Chattanooga startup wants to 3-D print your next house

Branch Technology aims to add 3-D printing to architects' toolbox

Platt Boyd is founder and CEO of Branch Technology, which has combined industrial robotics and 3D printing to manufacture structural components used in high-end architecture.
Platt Boyd is founder and CEO of Branch Technology, which has combined industrial robotics and 3D printing to manufacture structural components used in high-end architecture.
photo Platt Boyd is founder and CEO of Branch Technology, which has combined industrial robotics and 3D printing to manufacture structural components used in high-end architecture.

Picture a tiny bridge made of interconnected plastic pyramids that weighs a mere 2 ounces.

Now picture a 160-pound man standing on it while it supports his weight.

That real-life experiment helped convince Platt Boyd to quit his high-paying job as a partner at an architectural firm in Montgomery, Alabama, move to Chattanooga, and launch Branch Technology, a startup business built around the world's largest free-form, 3-D printer.

"To leave a good job and go do something crazy was a big deal," says Boyd, a married father of four.

But Boyd is convinced he's on to something big.
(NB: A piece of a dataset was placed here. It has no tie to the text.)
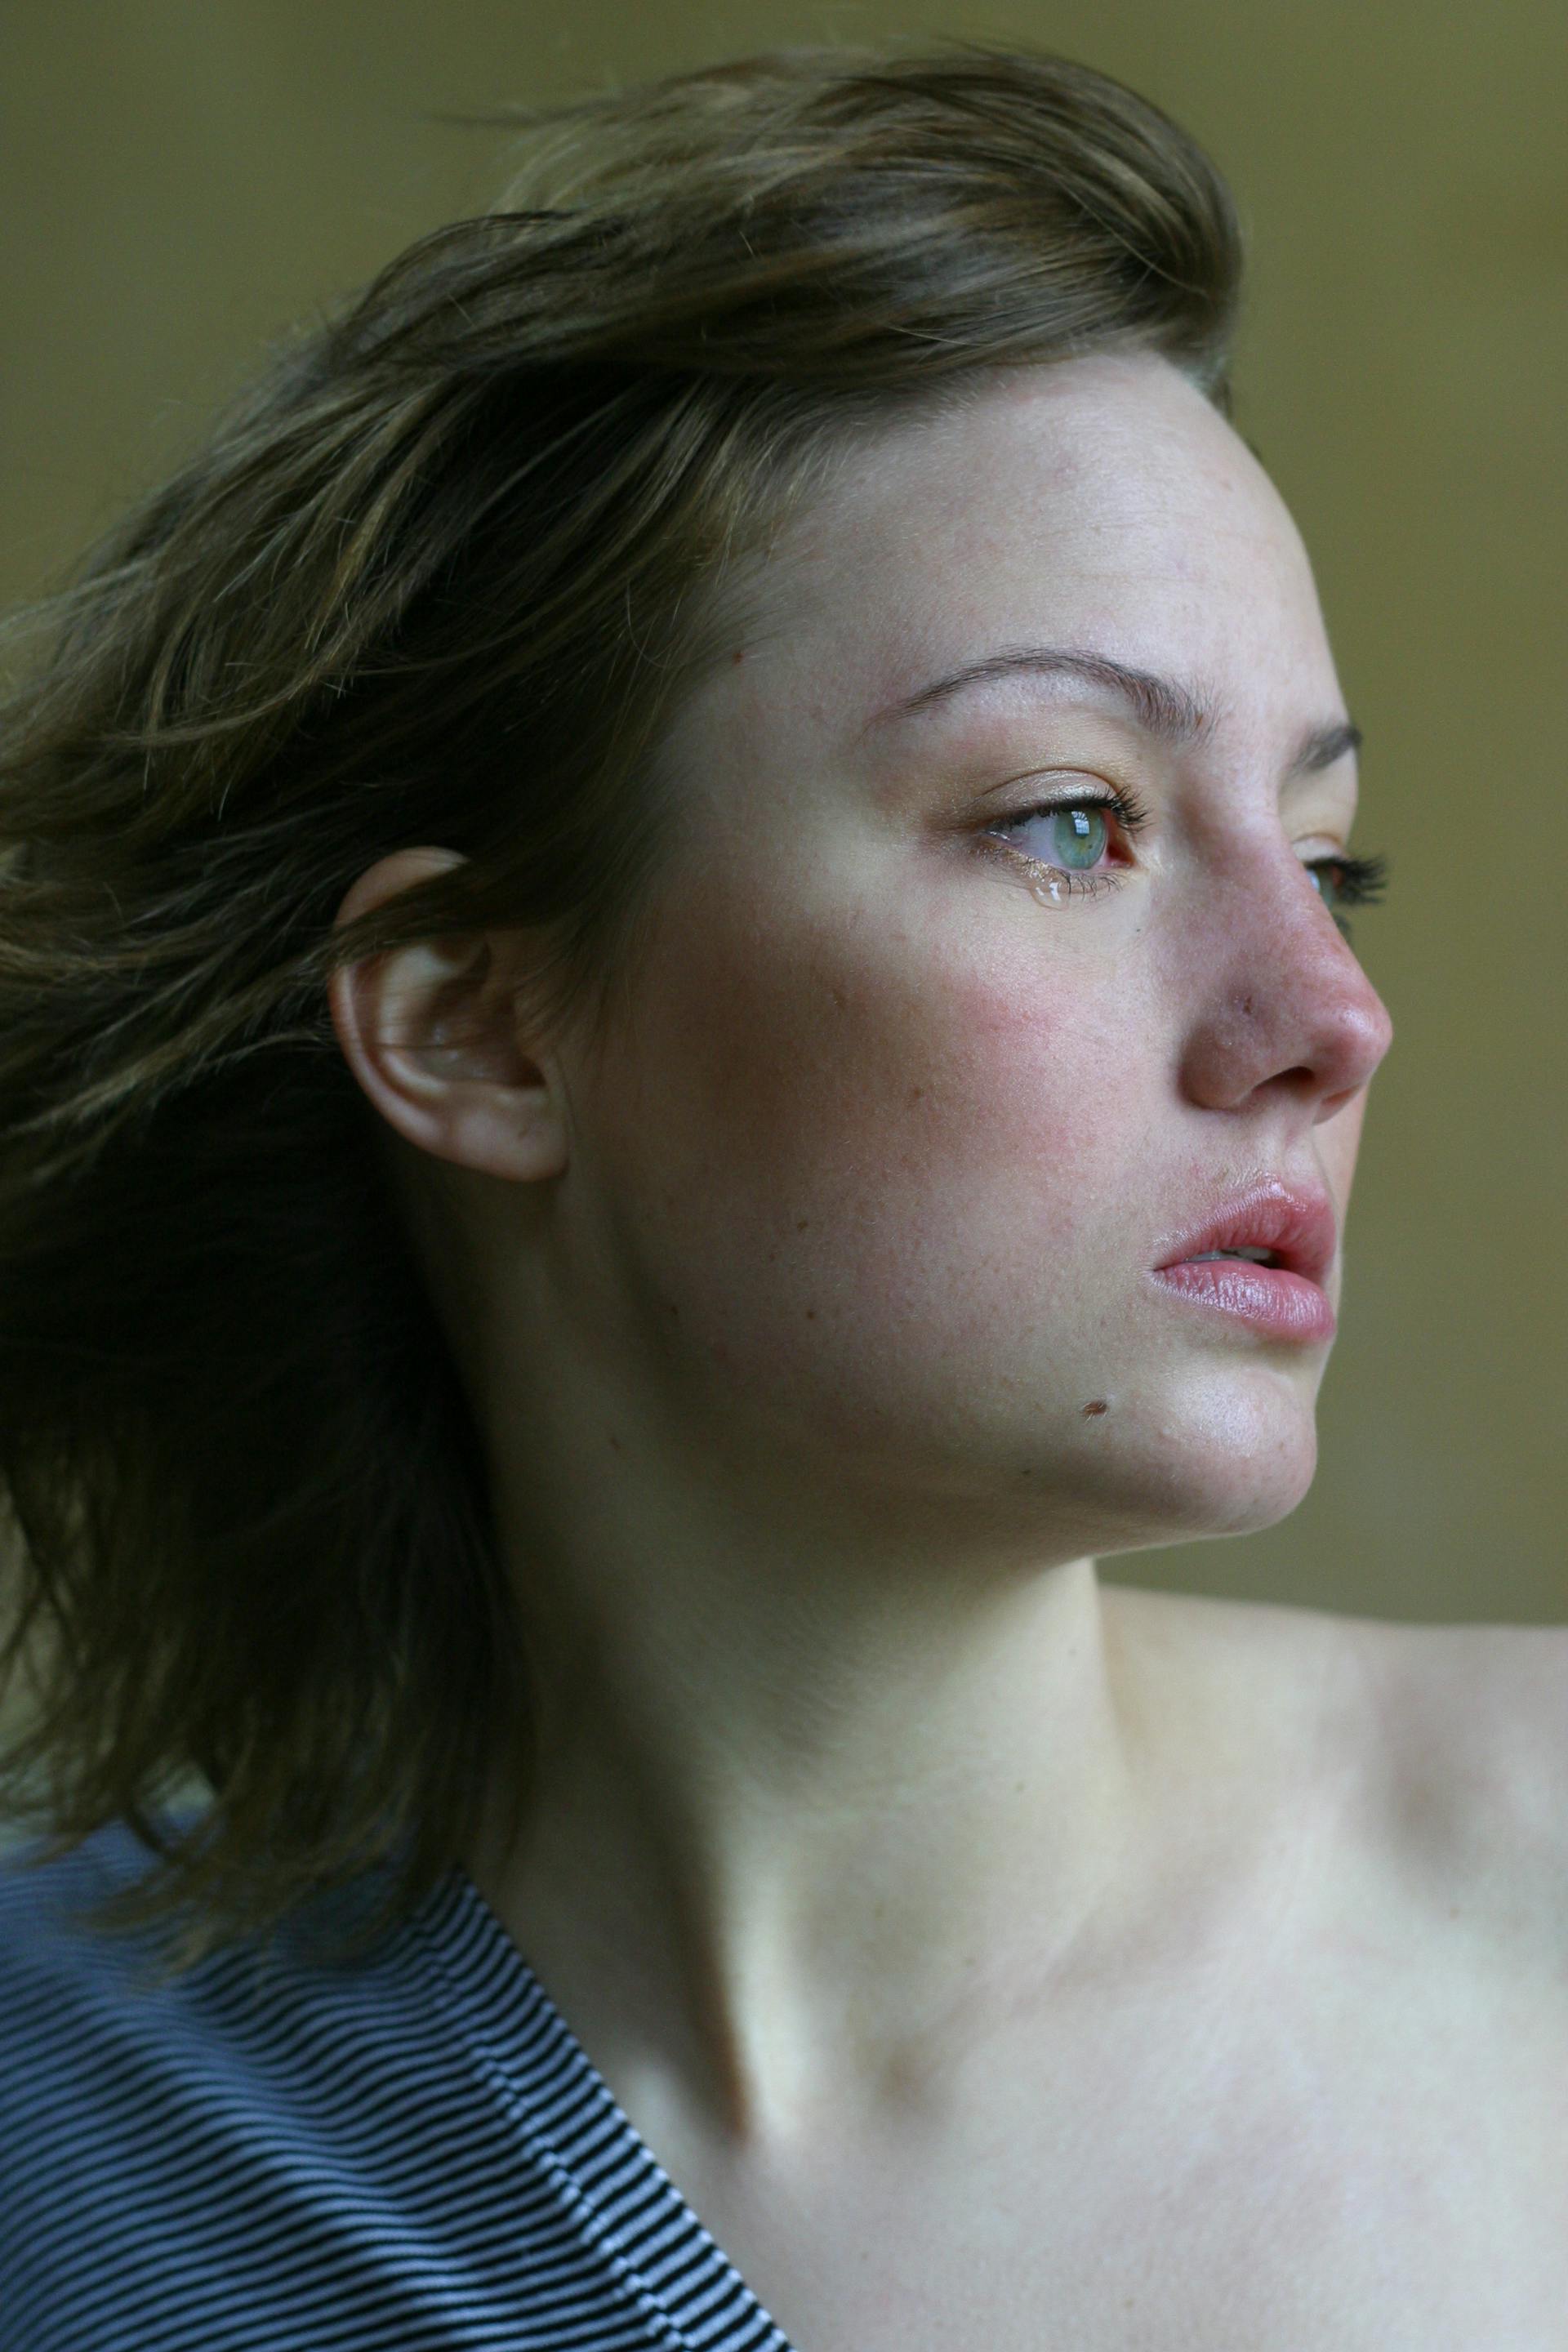 A teary-eyed woman looking sideways | Source: Pexels

And if he's right, it could change the shape of ordinary, everyday architecture - literally.

Instead of boxy buildings "stick built" from 2-by-4s and sheets of plywood, Boyd believes his technology could let more architects design free-form structures with curves, rounded corners and swooping roofs - a style synonymous with architect Frank Gehry.

"The advantage is not the straight wall," says Boyd; stick-built wins there. "The advantage of a technology like this is you can do crazy shapes."

He envisions a day when architects will send their plans to Branch Technology, which would use 3-D printing to build lightweight frames of interconnected plastic and carbon fiber pyramids. The frames would be assembled at the building site and then filled with foam or concrete and covered with stucco or some other finish to make walls and other architectural features.

While Branch Technology is still in the startup stage, a real-life example of its work - a topographical sculpture of the Tennessee River Gorge - hangs in the fifth floor of the Edney Building on 11th and Market streets in the heart of Chattanooga's new Innovation District.

Director George Lucas recently won approval to build a "Star Wars" museum in Chicago on the Lake Michigan shorefront, and Boyd joked, "We could do a great Yoda head for the Star Wars building."

Branch Technology also has announced a contest in which it will give a $10,000 prize to the person who comes up with the best design for a house to be built with 3-D printing.

"You design. Branch builds. The world sees what is possible!" says the company's website, which lets would-be contestants sign up to learn more details about the upcoming contest.

'Cellular fabrication'

Boyd, who's fascinated by "how things are made in the natural world at the cellular level," used his spare time in Montgomery to experiment with shapes made of interconnected plastic pyramids.

The first prototype only weighed half an ounce, yet it could support an 18-pound stack of books.

He kept tinkering with his tiny structures and refining them until he built the 2-ounce span that would support his 160-pound body weight.

The experimenting continues in a 5,000-square-foot shop at the Business Development Center, a landmark Art Deco building on busy Cherokee Boulevard in North Chattanooga.

Like a baker decorating a cake, a massive, 7,000-pound, German-made robot arm in the shop delicately and slowly extrudes a licorice-shaped strand of plastic and carbon fiber to build the interconnected pyramids that form the structures - a process that Branch Technology calls "cellular fabrication."

The robot arm was "off the shelf," says Boyd, who cashed out his 401K retirement account to help pay for it. What's unique about the process, which is patent pending, is the tip that dispenses the plastic to make shapes using a complex algorithm.

"Normal 3-D printing is a layer-by-layer build-up," Boyd says. "What we're doing is free form."

He thinks the technology is unique.

"We think that we're the only ones that have anything like this."

The robot arm can move on a rail, and it could build a structure 25 feet wide by 58 feet long, which makes it the "largest free-form 3-D printer in the world," Boyd says.

Branch Technology has attracted worldwide attention, including from Fortune magazine and the website Gizmodo. Boyd says his startup is close to raising its goal of $1.5 million in capital. He said about 50 different people have contacted Branch Technology to participate in projects around the world.

The GigTank, a 12-week "accelerator" program to help startup business get going run by the Company Lab, is what drew Boyd to Chattanooga in 2014.

He plans to stay in Chattanooga.

"It really is a beautiful and special place," Boyd says.